In higher dimensions, what I’ve described still hold. $x$ and $b$ can be vectors in a vector space and $a$ can be a matrix.

Okay, enough with the equations. Next, I’m just gonna playing with a few functions to give you some examples.

In Figure 1, the line $x + y = 0$ (black) is mapped to the red line with the linear transformation $f(x) = 2x$ and to the blue line with the affine transformation $f(x) = 2x + 3$.

In Figure 2, the same linear and affine transformations are applied to the curve $y = x^3$. Again, we see that the origin is preserved after the linear transformation but not the affine transformation.

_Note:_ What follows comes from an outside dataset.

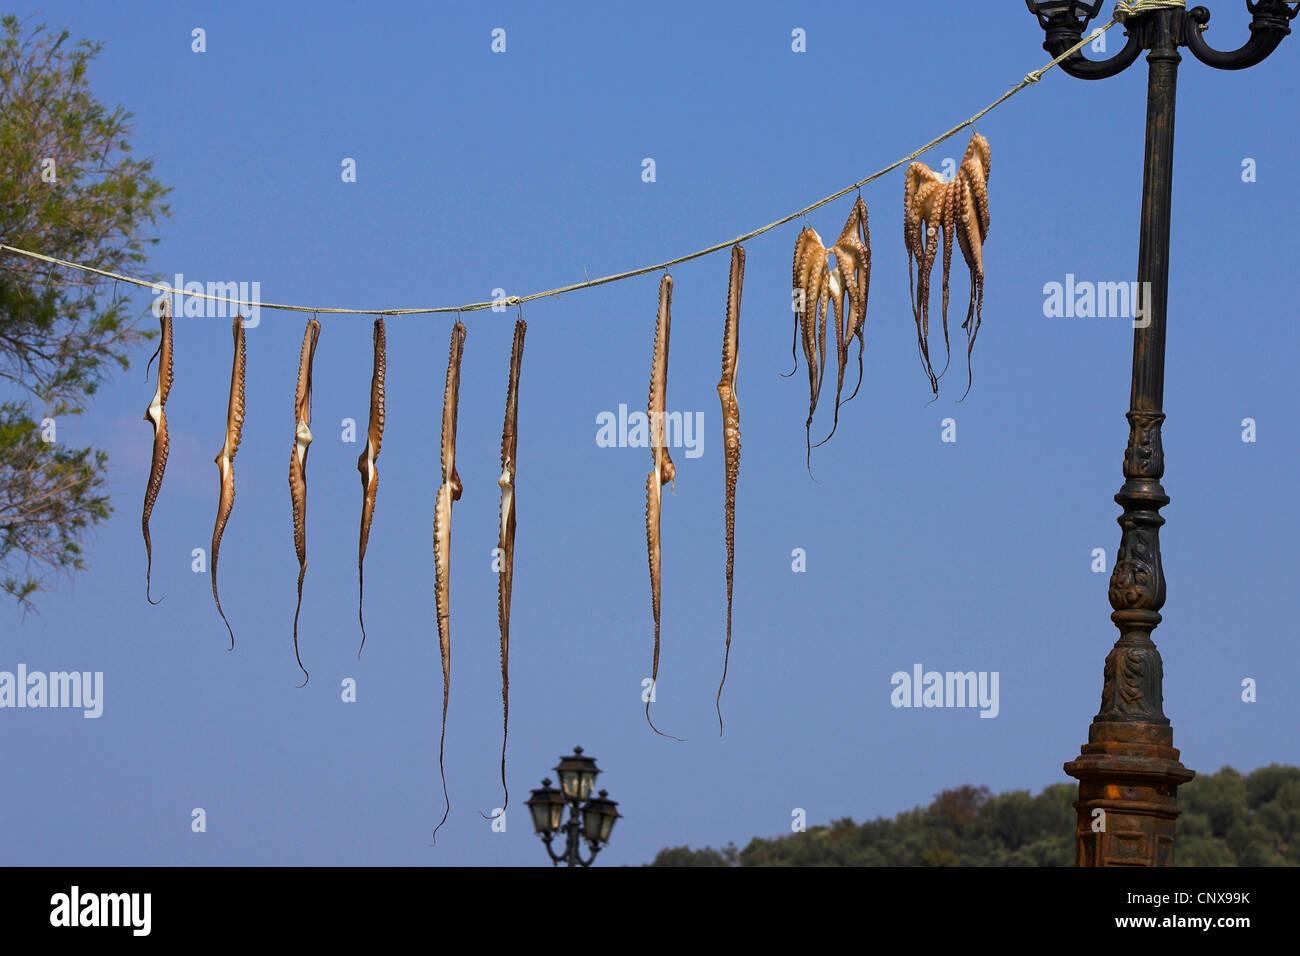 Calamars sur une ligne de séchage, la Grèce, Lesbos Banque D'Images

And finally, we apply the same transformations to a circle in Figure 3.

I think this is fun.

Useful identities from Euler’s formula

Euler’s formula:

$e^{i\theta} =\cos\theta + i\sin\theta$

From the Euler’s formula, we can derive that

$e^{ik\pi} = \begin{cases} 1 & \text{if } k \text{ is even}\\ -1 & \text{if } k \text{ is odd} \end{cases}$

If we write the above equation in reverse, we get

$-1=e^{i(2k+1)\pi}$

$1=e^{i2k\pi}$

These identities are useful for quick manipulations of complex numbers. Below are two examples:

Example 1: Solve $z^n = 1$.

Solution

$z = 1^{1/n} = e^{i\frac{2k\pi}{n}} \qquad k = 0,1,...,n-1$

Example 2: Solve $z^3=-8$.

Solution

$z = (-8)^{1/3} = 2(-1)^{1/3} = 2e^{i\frac{(2k+1)\pi}{3}} \qquad k =0, 1, 2$

• $k=0 \Rightarrow z=1+\sqrt{3}i$
• $k=1 \Rightarrow z=-2$
• $k=2 \Rightarrow z=1-\sqrt{3}i$

Note that we can also write $k=-1, 0, 1$. On the trigonometric circle, $k = 2$ and $k = -1$ yield the same angle.